What the task requires: Output exactly the lines of the listing below that run from the line with "Поло для мальчика (арт. baon BK708003), размер" through the line with "Das Bild zeigt". No pictures.

Material provided:
------

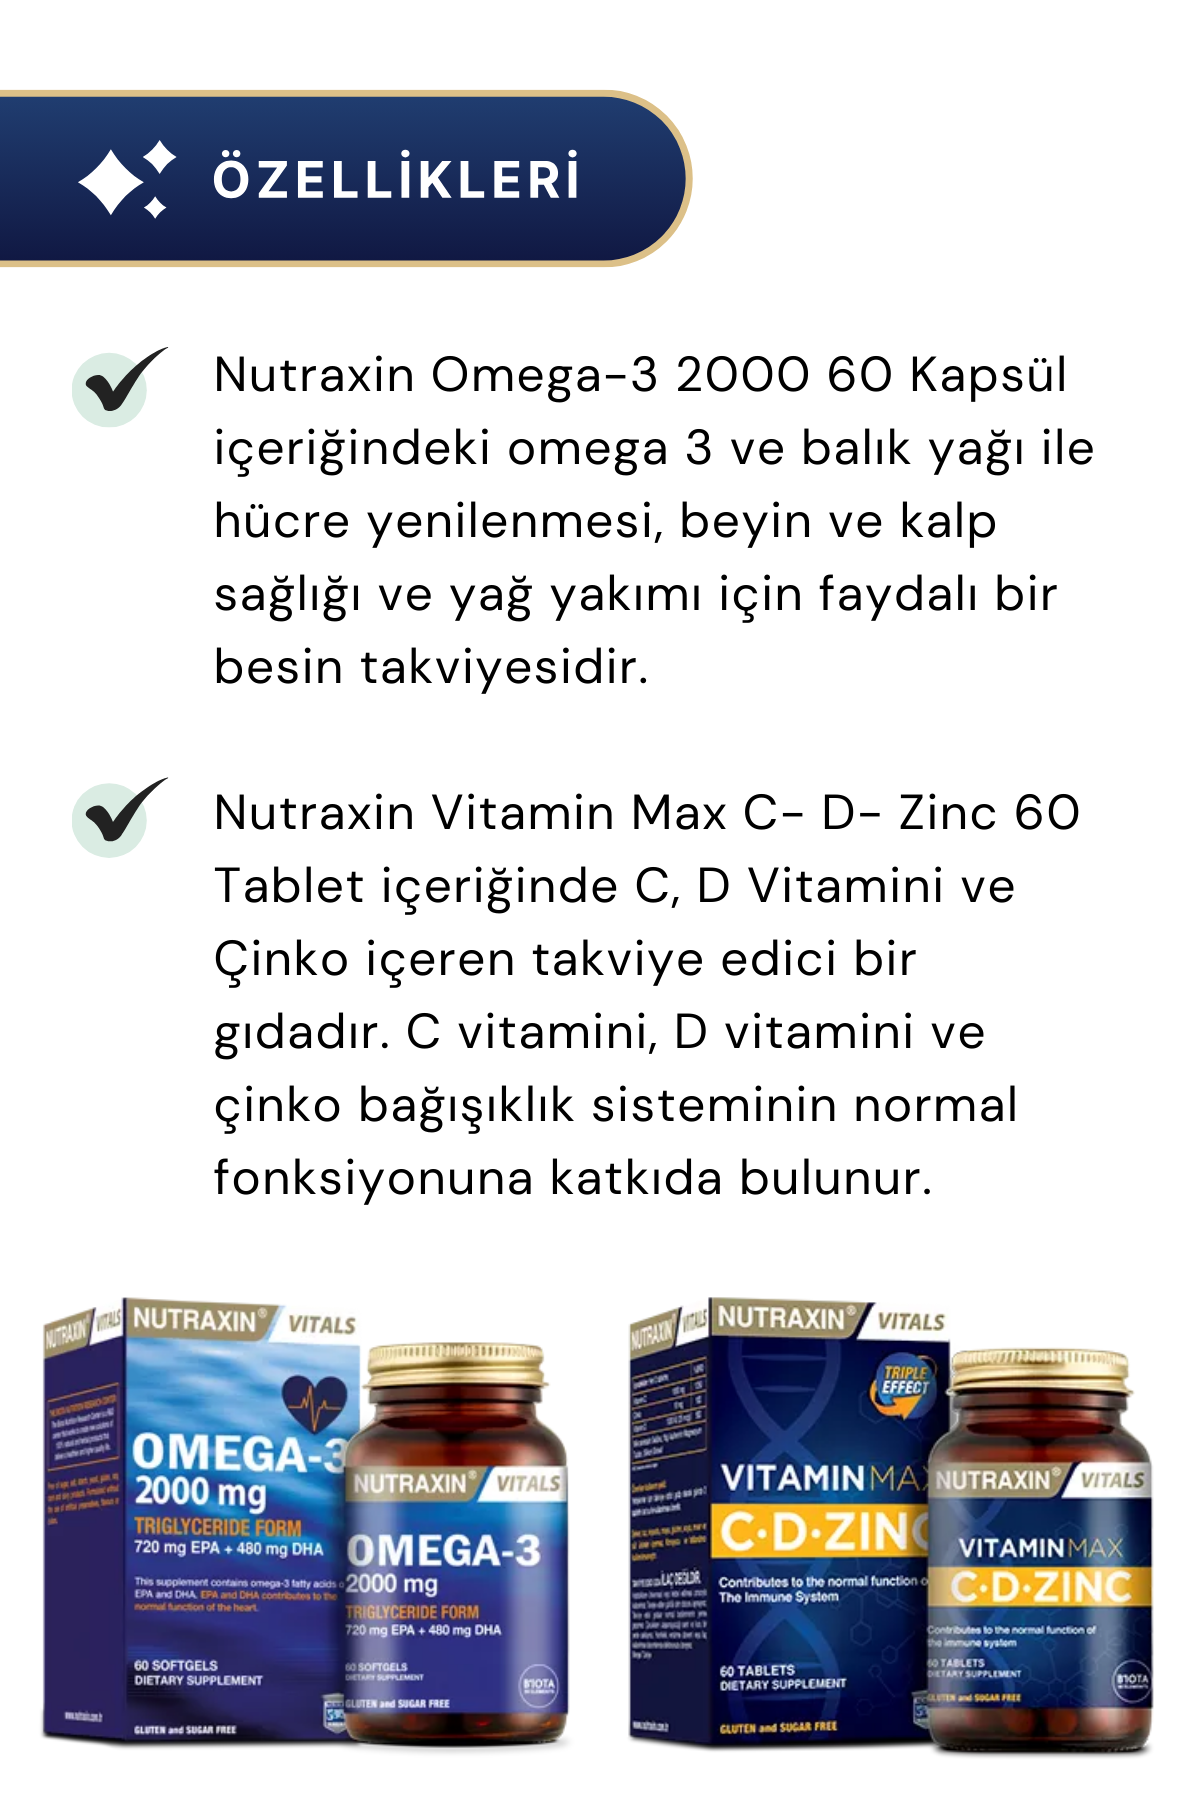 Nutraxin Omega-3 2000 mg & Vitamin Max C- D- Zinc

------

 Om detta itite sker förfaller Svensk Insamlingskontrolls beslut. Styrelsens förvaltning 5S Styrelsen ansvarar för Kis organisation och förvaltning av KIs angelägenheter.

------

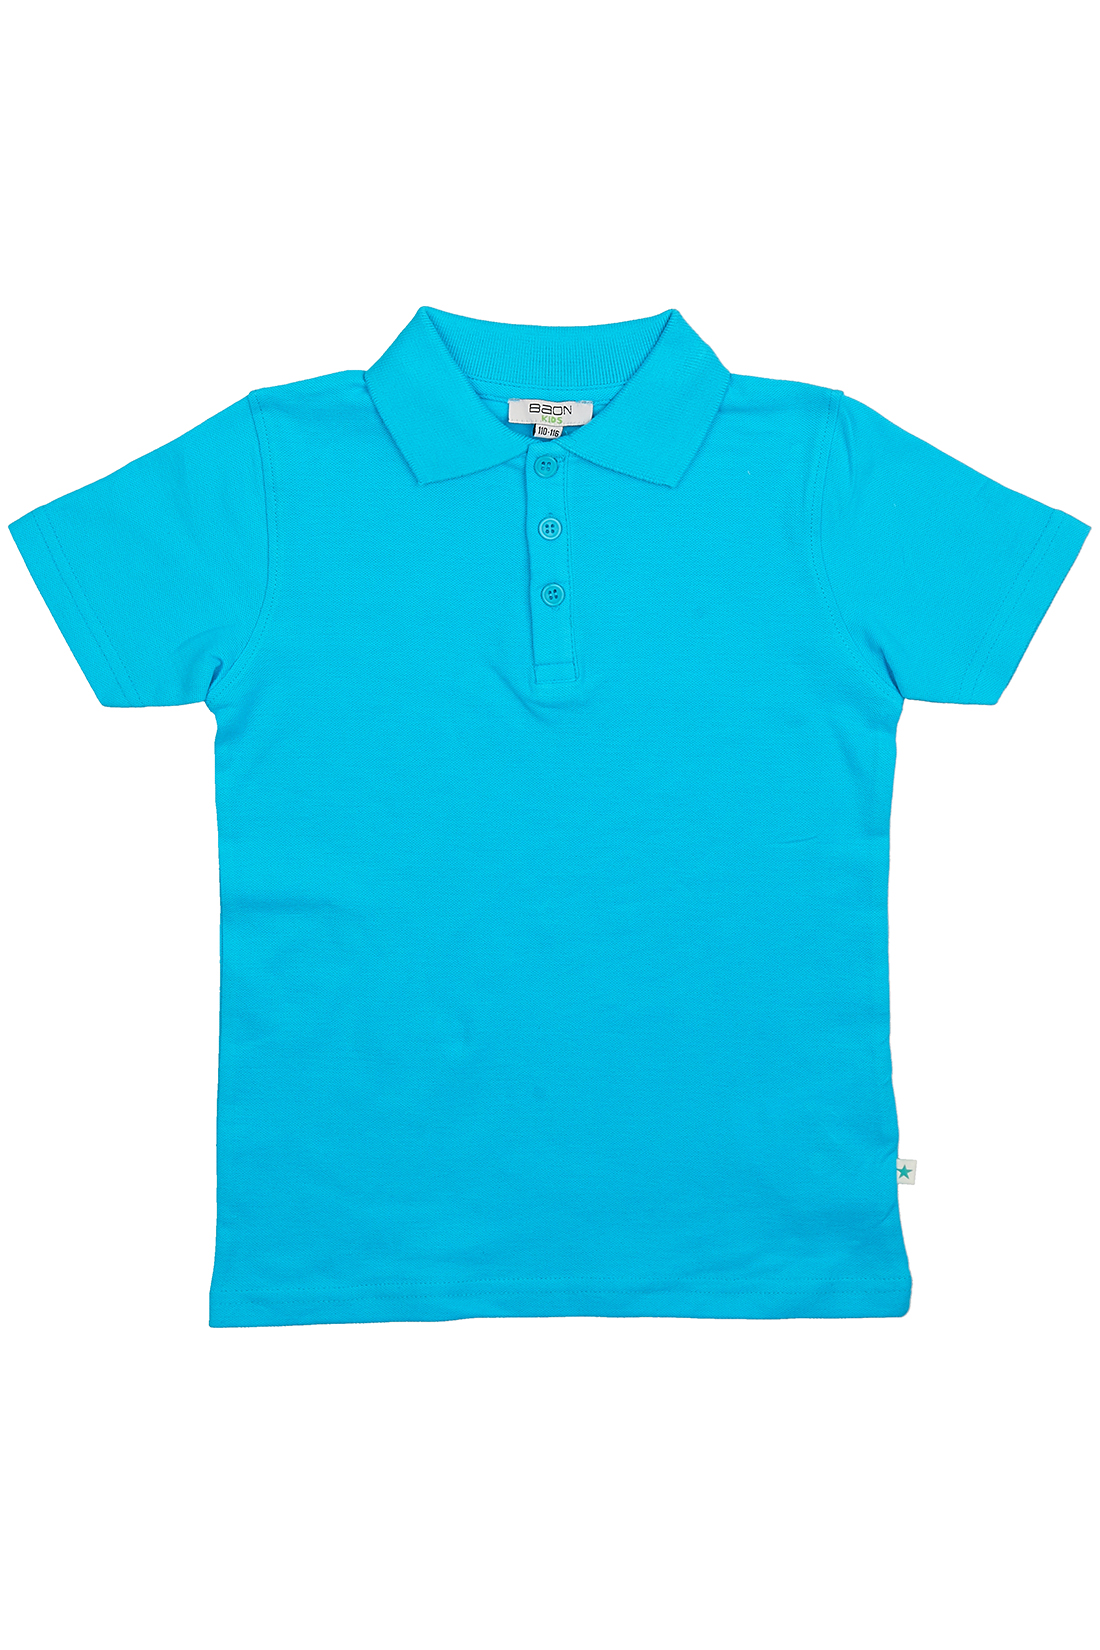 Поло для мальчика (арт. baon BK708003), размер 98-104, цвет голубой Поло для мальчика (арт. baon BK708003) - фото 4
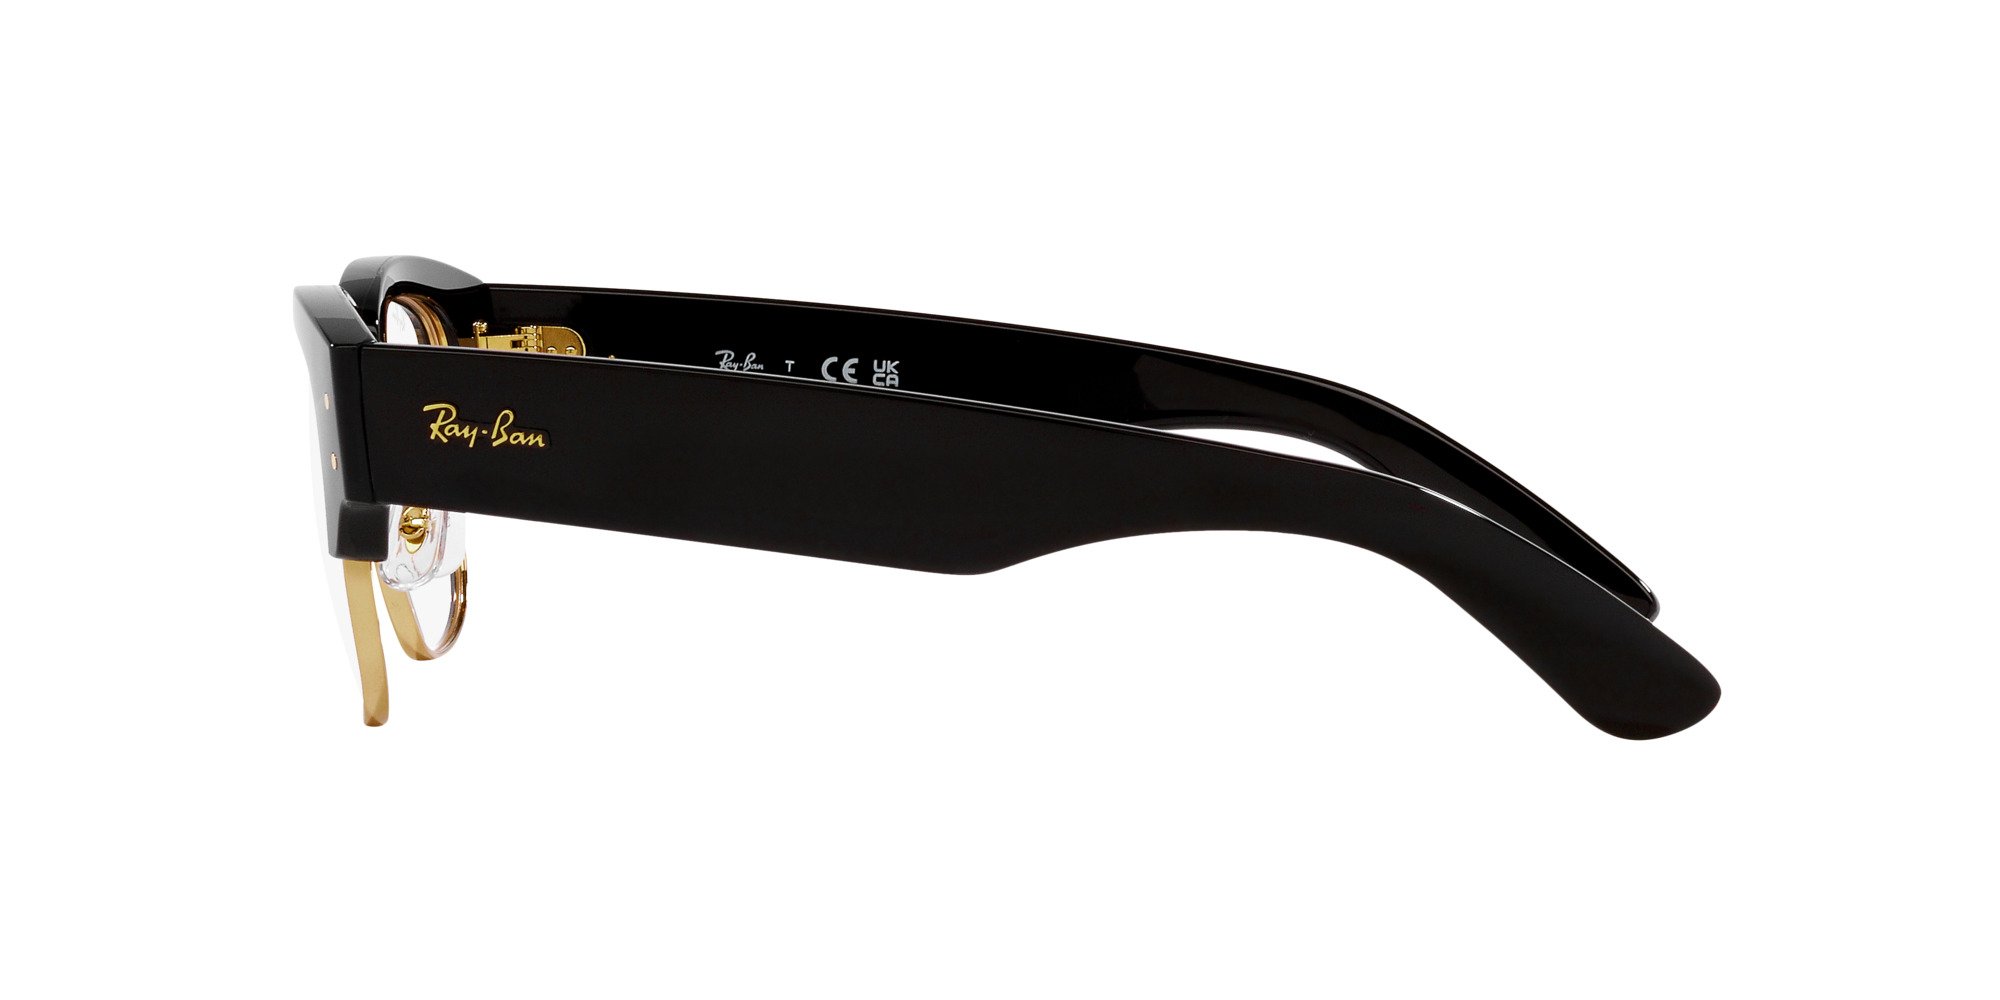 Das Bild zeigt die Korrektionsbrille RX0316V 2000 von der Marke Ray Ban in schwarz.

------

Task solution:
 Поло для мальчика (арт. baon BK708003), размер 98-104, цвет голубой Поло для мальчика (арт. baon BK708003) - фото 4
 Das Bild zeigt die Korrektionsbrille RX0316V 2000 von der Marke Ray Ban in schwarz.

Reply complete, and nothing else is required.